▶ WHAT YOU WILL DO
Once the line containing "Bodoh - Business PowerPoint Template" is reached, copy it and every line after it exactly, to the end of the material, without pictures.

▶ SUPPLIED DATA
++++
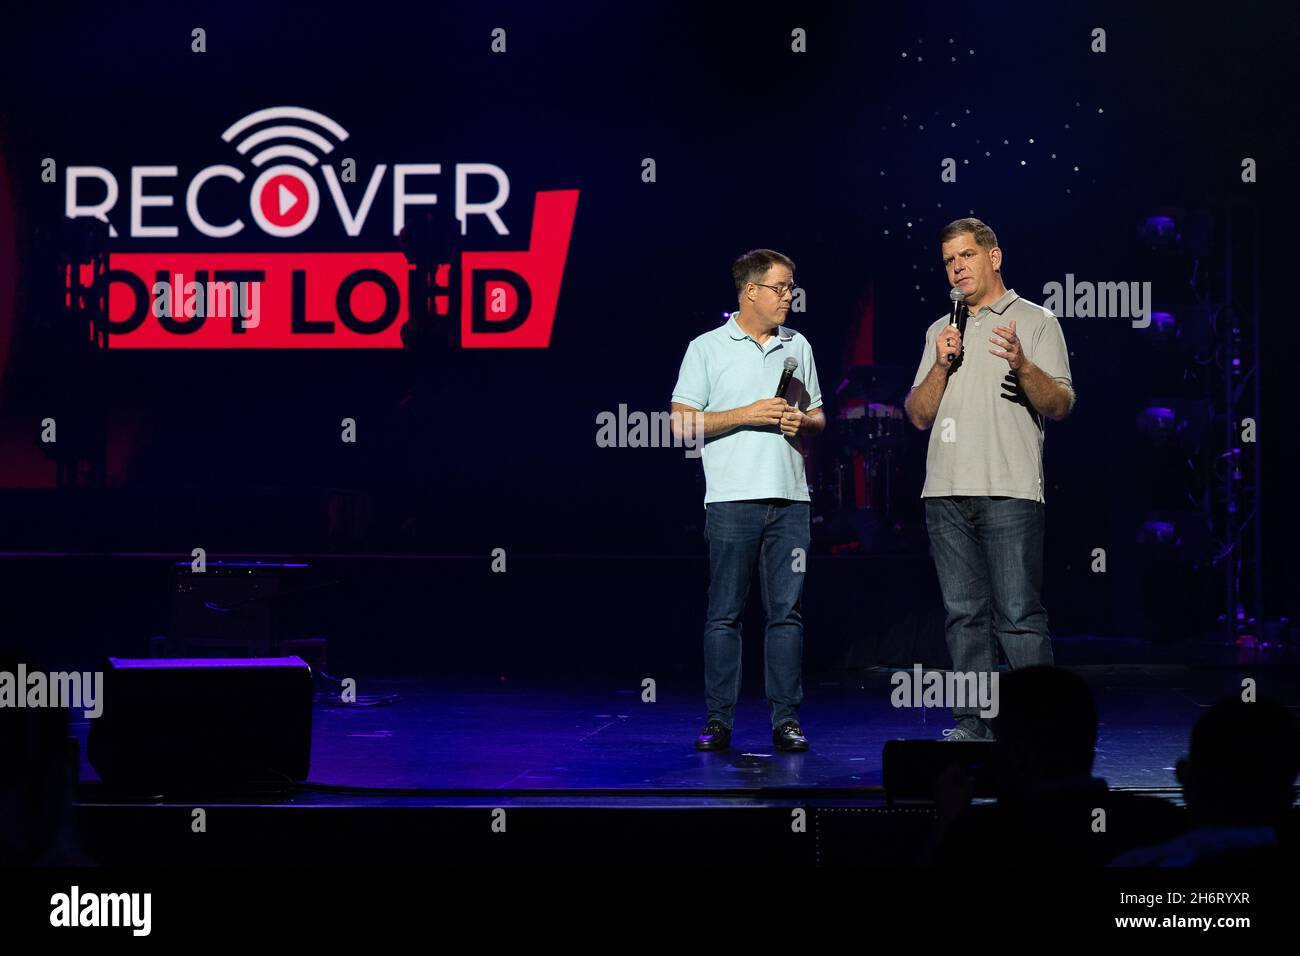 Washington, United States of America. 28 September, 2021. U.S Secretary of Labor Marty Walsh, right, delivers remarks onstage with Ryan Hampton at the Recovery Out Loud Concert during the Mobilize Recovery Conference September 28, 2021 in Las Vegas, Nevada.   Credit: Shawn T Moore/Dept of Labor/Alamy Live News Stock Photo
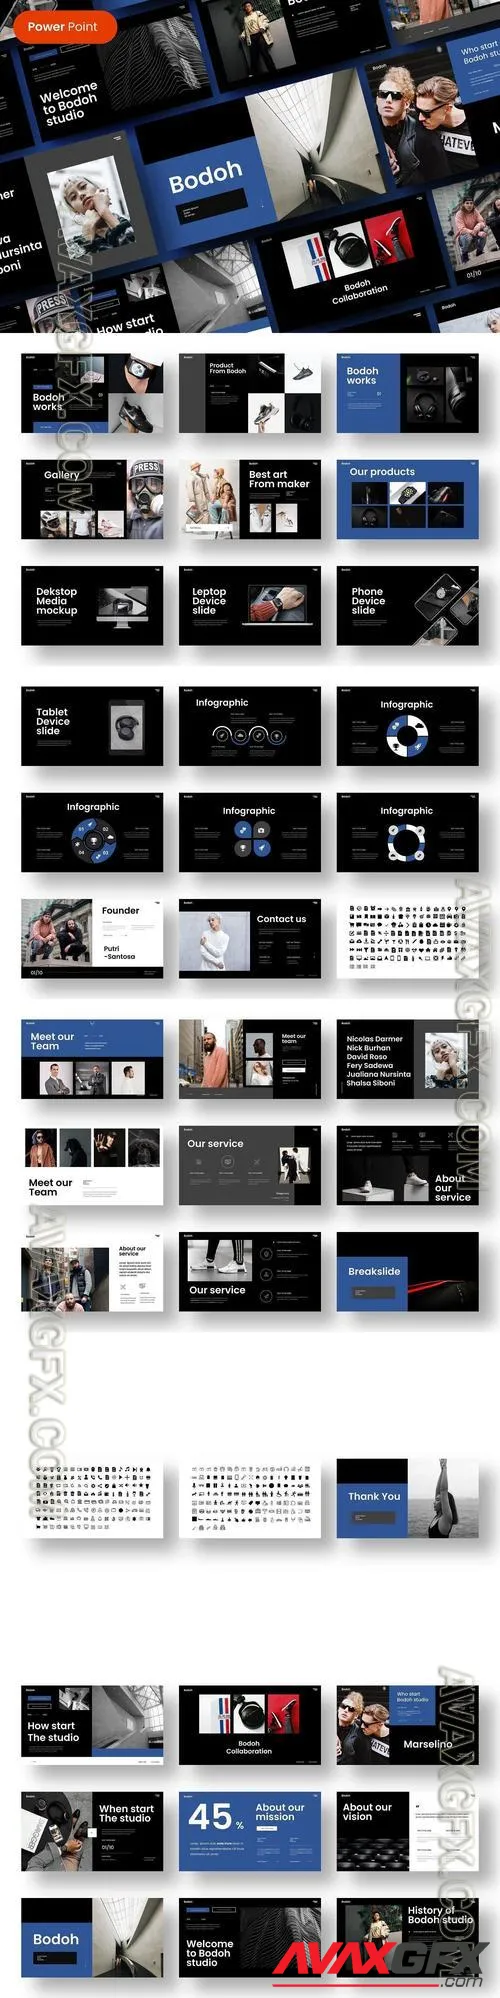 Bodoh - Business PowerPoint Template
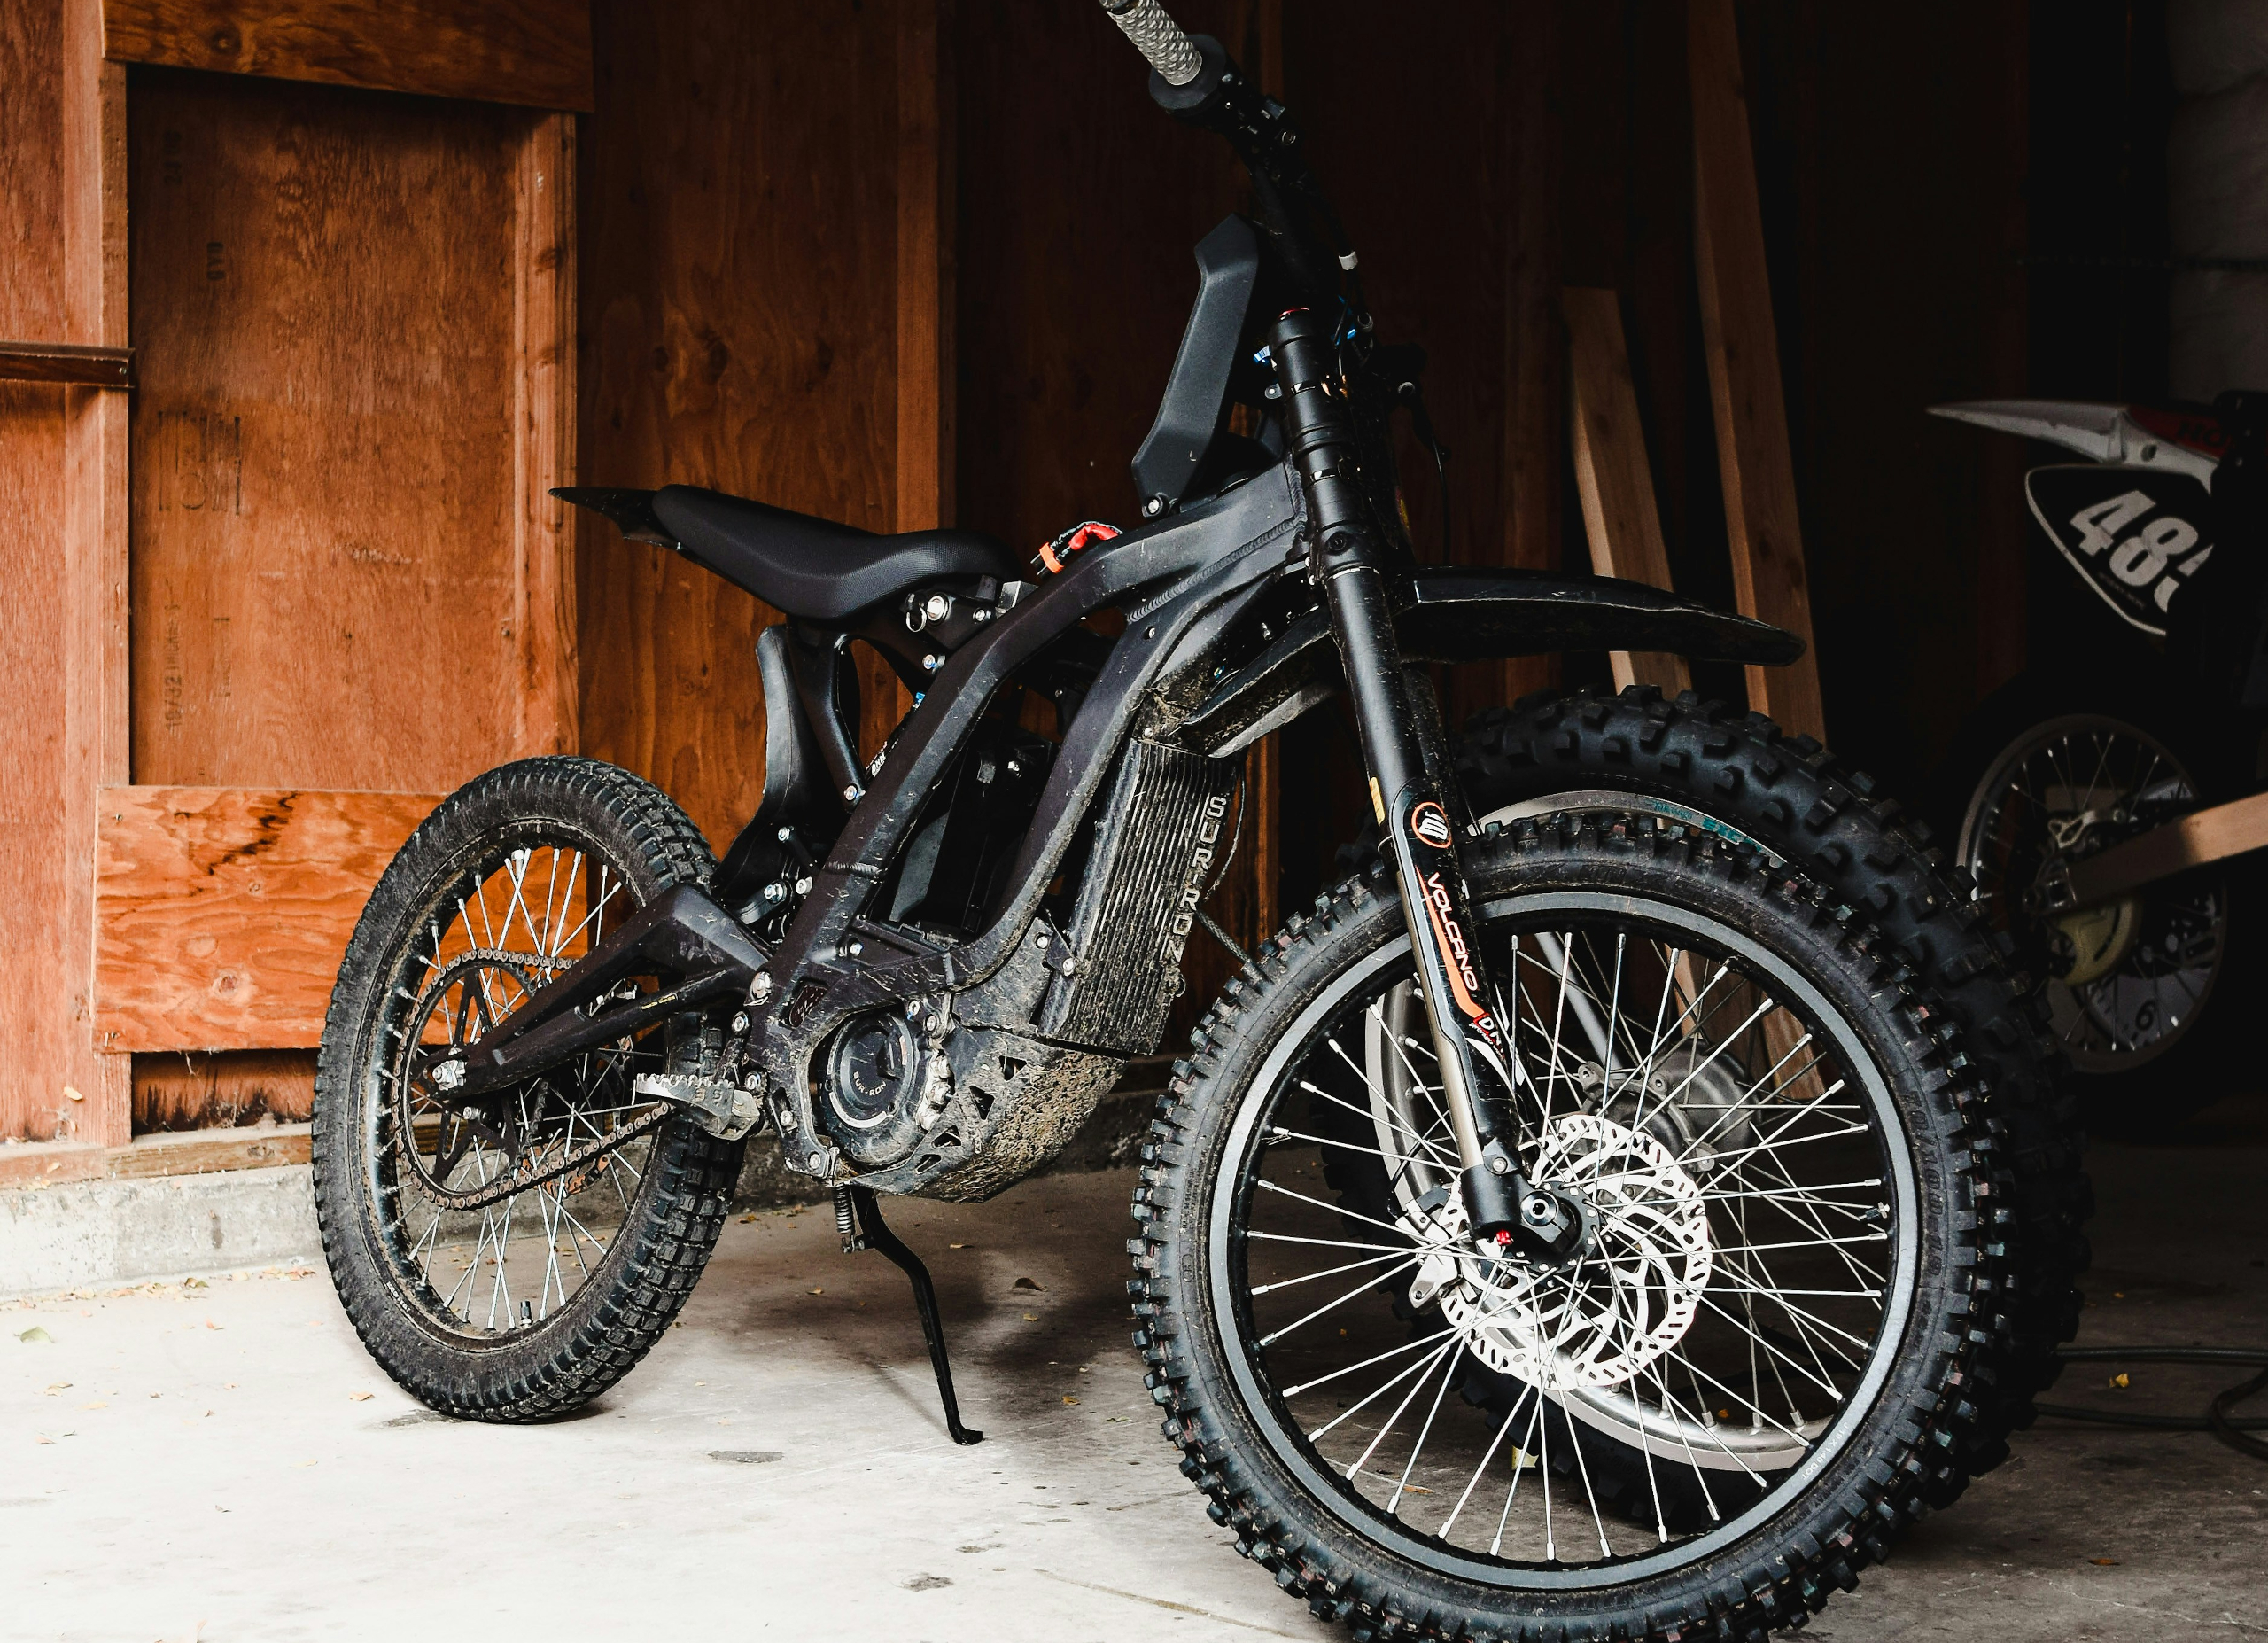 The Best Electric Pit Bike: Buy It or Build It?
++++
▶ FINISHED EXERCISE
 Bodoh - Business PowerPoint Template
 The Best Electric Pit Bike: Buy It or Build It?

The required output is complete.